Sure, we could fuck it all up; But we are not currently fucking it all up, at least, not as far as population numbers are concerned. I could drive my car off a cliff; but that shouldn't be a concern for me unless and until I am driving towards a cliff.

The Global Warming thing is (like EVERYTHING) loosely coupled to absolute population; but (again, like EVERYTHING) population is not the main driver, so it's not the place to go looking for solutions (particularly when most solutions are highly immoral - ranging from removing people's reproductive liberty in the best case, up to genocide at the worst.

If you want to tackle climate change, then the solution is already well known and well understood - nuclear power. It's also the safest power generation technology ever, even before we consider carbon dioxide emissions.

So we need to prevent the anti-contraception and anti-nuclear nutters (both of whom are taking a stance totally divorced from reason and fact) from controlling our future - but that's always going to be true. Letting poorly informed, poorly educated people with poor reasoning skills run things is a recipe for disaster at ANY level of population.
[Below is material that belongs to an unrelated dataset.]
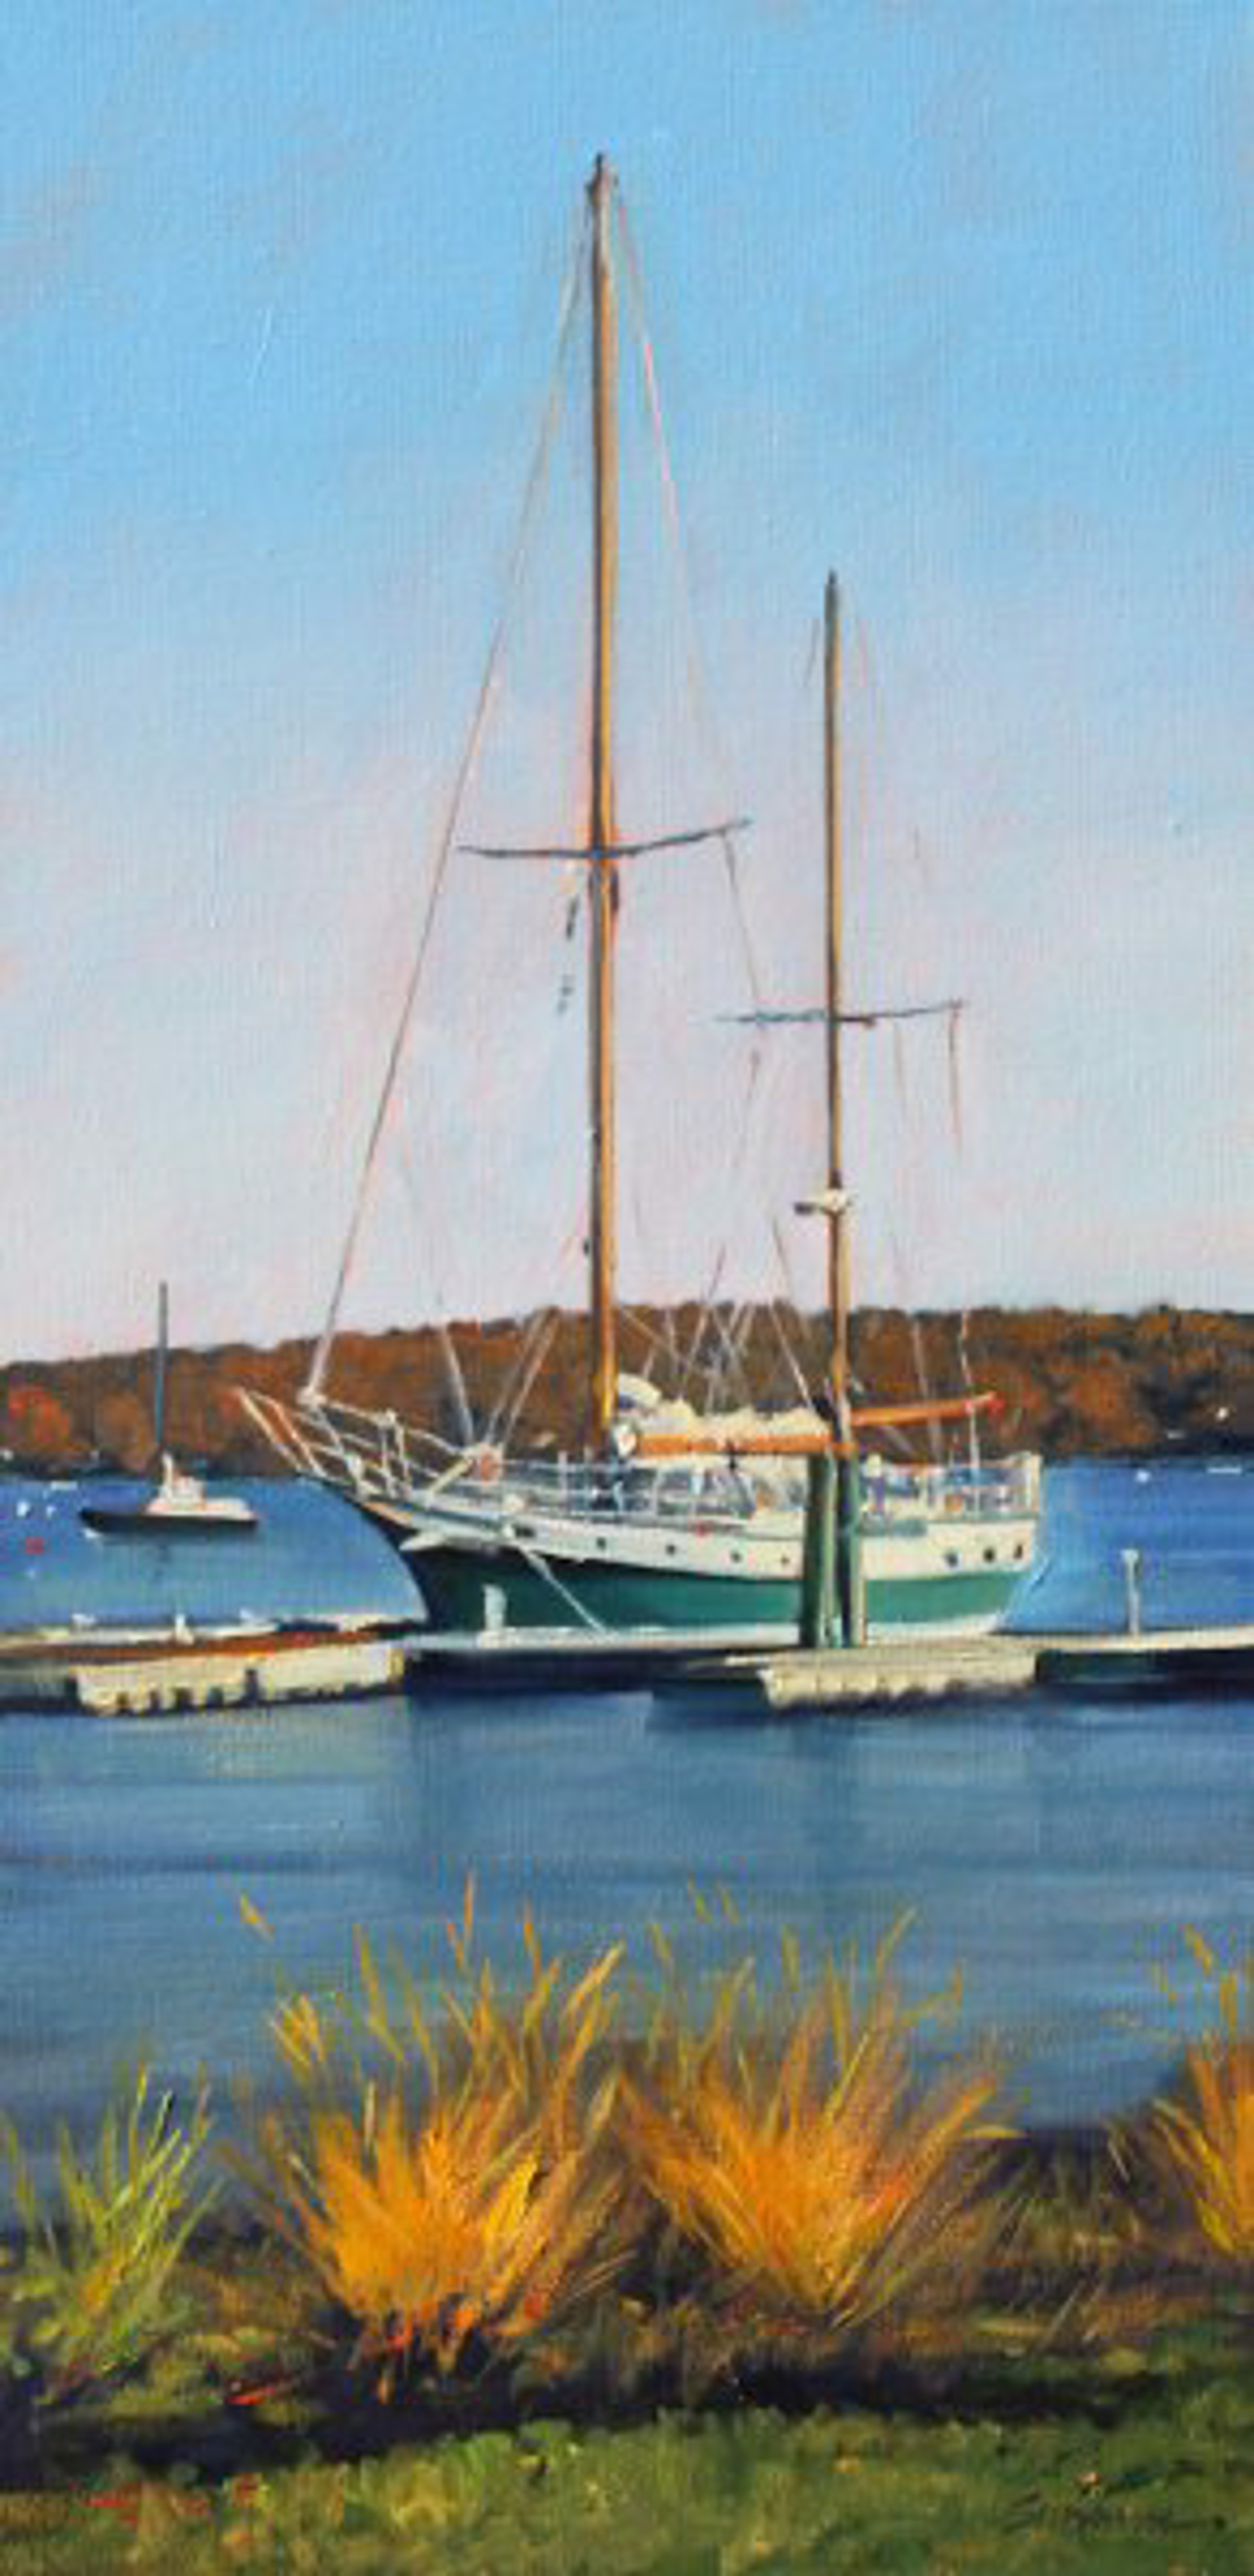 Tom Swimm: Essex Harbor by Tom Swimm

As history has shown repeatedly.
 
So, in summary: The fears expressed in the intro to Soylent Green were not entirely unreasonable at that time; But even then, the solutions to the projected problems were becoming established, and four and a half decades later, we can see that those fears were hugely inflated, and that the things that rendered the concerns invalid are still in place and are still outpacing the growth of the underlying 'problem'.
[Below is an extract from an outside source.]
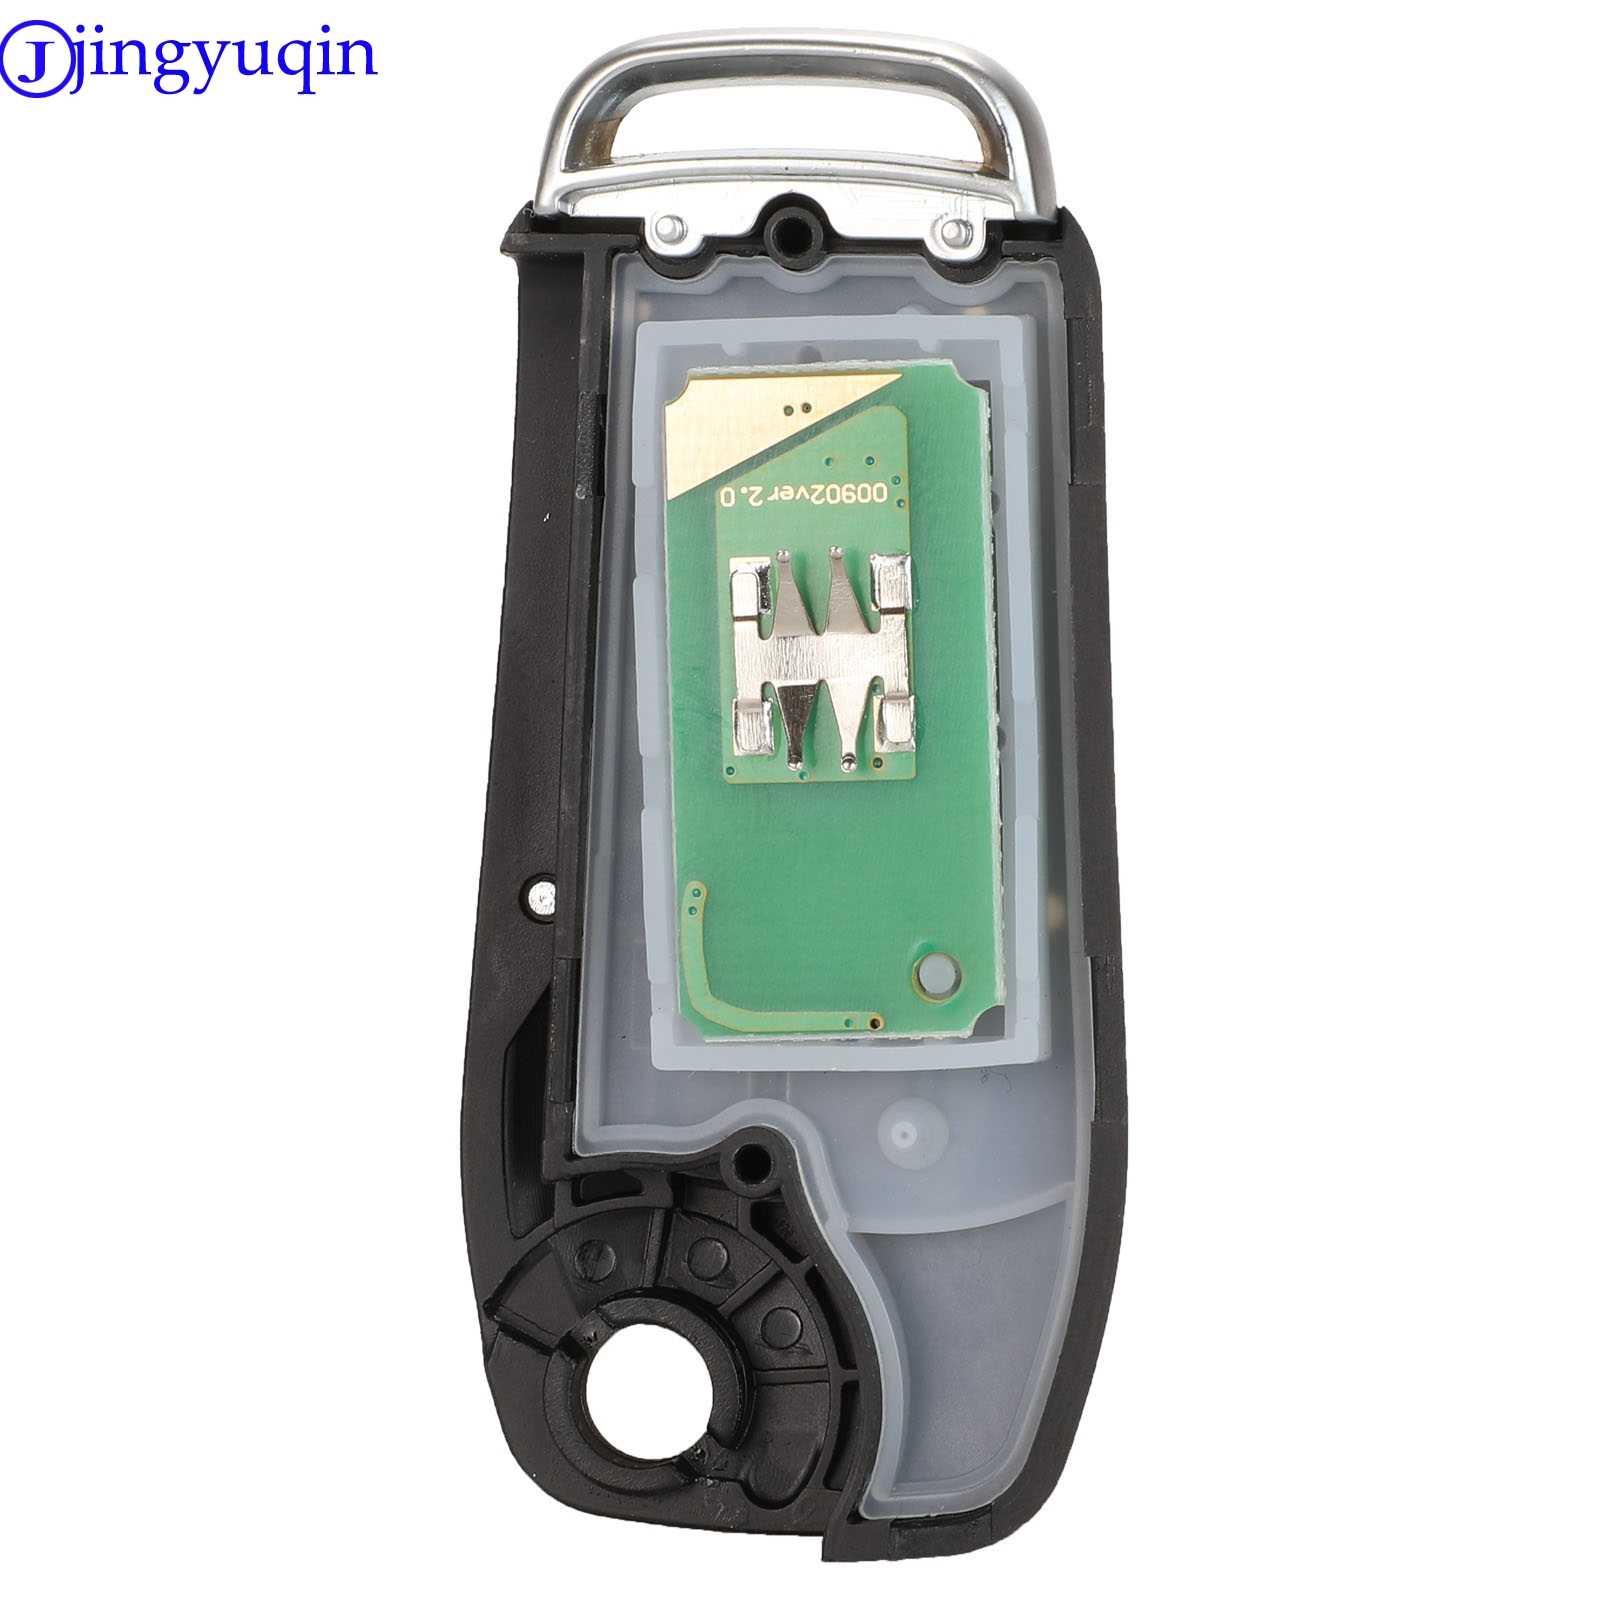 Jingyuqin للطي حافظة مفتاح بعيد غطاء للفورد فييستا التركيز 2 Ecosport كوغا الهروب C ماكس كا 3 أزرار مفتاح فوب HU101 / FO21

Overpopulation is an outdated concern that no well informed person today should worry about in the slightest. So, as we might expect, a large number of people remain practically hysterical about it. Because whether or not the world has too many people, there is little doubt that it has FAR too few well informed people.
The Green Revolution was a bubble with disastrous consequences when it burst.
I think you're underestimating our dependence on biological systems our current numbers are seriously undermining.

Please, tell me all about these 'disastrous consequences', and the fact that the 'bubble' has 'burst'.
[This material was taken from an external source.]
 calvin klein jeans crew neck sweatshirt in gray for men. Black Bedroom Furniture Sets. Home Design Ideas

How do we explain the lack of famine in the world today, if The Green Revolution was a bubble that has burst? What did we do to recover? Where are the mounds of corpses?

Millions of people died from starvation before the Green Revolution, in a world with FAR lower population than today's. If your assessment that this was a bubble that HAS burst is true, then indeed the consequences should be disastrous; So where are the millions, indeed more reasonably tens or hundreds of millions, of dead people?

How anyone can believe this counter-factual twaddle is beyond me, but the false belief that things are not only not better, but are dramatically worse than they were five or six decades ago is incredibly prevalent, despite requiring willful ignorance to maintain.

I guess I shouldn't be surprised, in a world full of people who still haven't let go of other, even more obviously irrational religious beliefs. But I still am shocked when apparently intelligent and educated people believe in Jesus, or Santa, or Overpopulation, despite the overwhelming evidence that these things are pure fiction.

Let me guess - the bubble has burst, but, like Wile E. Coyote running off a cliff edge, we won't fall until we look down (Hint: Real disasters don't wait for us to notice them before they start killing people). The disaster will start to unfold any day now - probably the day that Jesus returns.